The first time any $order->client is accessed, Laravel loads client for the entire $orders collection. The first time any client->company is accessed, it loads company for the entire clients collection. The number of queries scales with the depth of the relationship tree, not the number of rows.

You can also apply it per-query rather than globally, using withRelationshipAutoloading() on a collection or model:

$orders = Order::all()->withRelationshipAutoloading();

Or chain it directly on the query builder result when you want opt-in behavior without changing the global default:

$orders = Order::where('status', 'pending')->get()->withRelationshipAutoloading();

How It Actually Works

The implementation tracks which relationships are accessed on a given model instance during its lifecycle. When you first touch $order->client in a loop, Laravel checks whether client has been loaded for the other models in the same collection. If it has not, it calls loadMissing('client') on the full collection — a single query that hydrates the relationship for all models at once.

Polymorphic relationships are handled correctly. If you have a morphable commentable relationship on a collection of mixed types, Laravel only loads the relationship for the types that actually appear in the collection. You do not pay for morph types that are present in the schema but absent from the current result set.

Relationships you have already explicitly loaded via with() or load() are not re-queried. The automatic loading only fills gaps.
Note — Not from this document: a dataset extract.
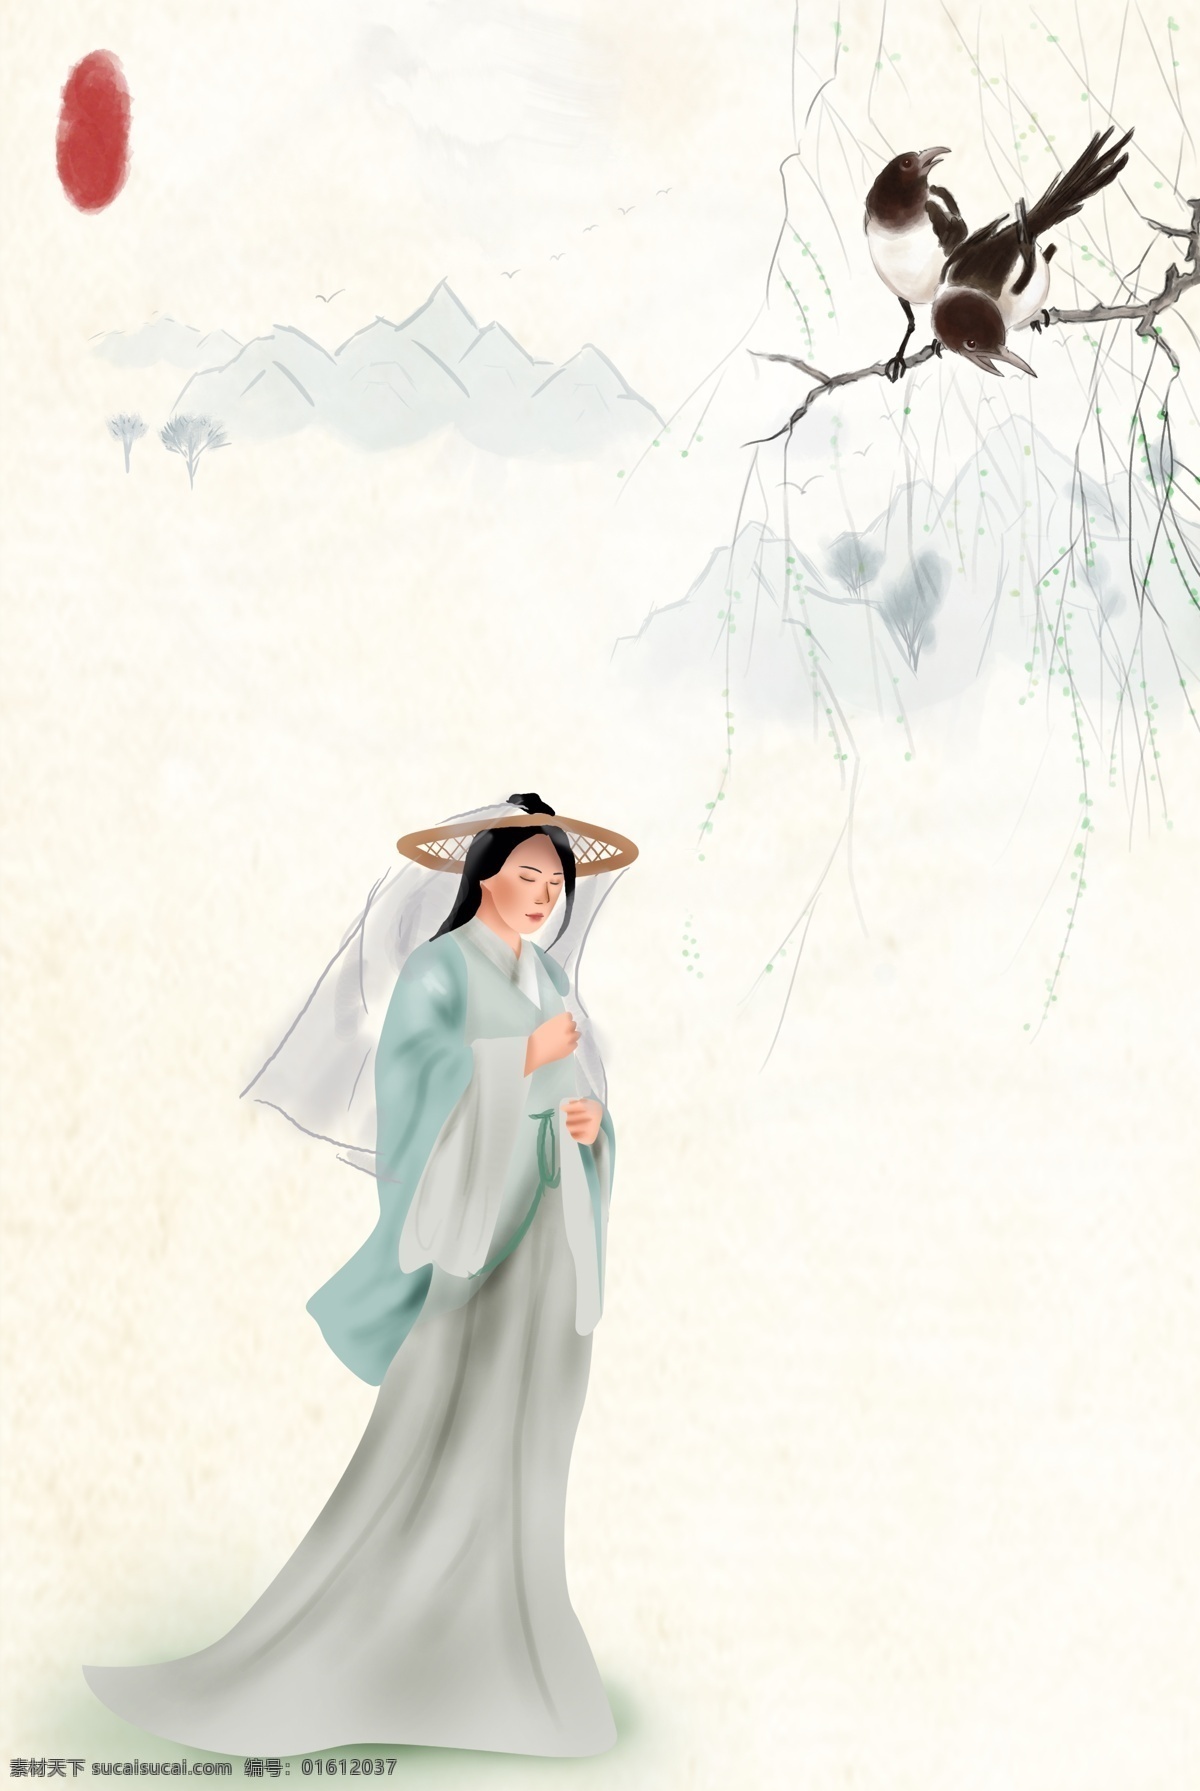 仕女图 工笔画 古典 中国风 植物 花鸟 鸟 简约 复古 花卉 荷叶

When You Should Still Use Explicit with()

Automatic eager loading is not a reason to stop thinking about query efficiency. There are cases where explicit with() remains the better tool.

When you know the relationship tree upfront and you want the queries to fire before the loop begins, with() gives you that guarantee. This matters for APIs where you want predictable, measurable query counts, or where the relationship data influences how you structure the response before you touch any individual model.

Automatic loading also fires its batch queries on first access, which means the query happens inside the loop rather than before it. In most web request scenarios this distinction does not matter. In long-running queue workers or console commands where you are processing large datasets in batches, you want full control over when queries fire and with() plus chunking is still the right pattern.

For new applications, a reasonable approach is to enable automaticallyEagerLoadRelationships() globally and continue using preventLazyLoading(!app()->isProduction()) alongside it. The automatic loading silently fixes access patterns that would otherwise be N+1 in production, while the exception still fires in local development to prompt you to add proper with() on the critical paths where query predictability matters.

Practical Example With API Resources

API Resources are a common place N+1 queries slip through, because the resource definition does not know what the controller loaded. With automatic eager loading enabled:

class OrderResource extends JsonResource
{
    public function toArray(Request $request): array
    {
        return [
            'id'      => $this->id,
            'total'   => $this->total,
            'client'  => $this->whenLoaded('client', fn () => [
                'name'    => $this->client->name,
                'company' => $this->client->company->name,
            ]),
        ];
    }
}

And in the controller:

public function index(): ResourceCollection
{
    $orders = Order::paginate(25)->withRelationshipAutoloading();
    return OrderResource::collection($orders);
}

The withRelationshipAutoloading() call on the paginator result ensures that when the resource accesses $this->client->company->name for each order, those relationships load in batch rather than one row at a time.

Upgrading and Compatibility

Automatic eager loading is available as of Laravel 12.8. If you are on an earlier 12.x release, composer update to the latest patch brings it in. The feature is additive — enabling it does not change any query behavior for relationships you have already explicitly loaded.

For applications running Laravel 10 or 11, the explicit with() and preventLazyLoading() combination remains your toolkit. Automatic eager loading is a 12.x feature only.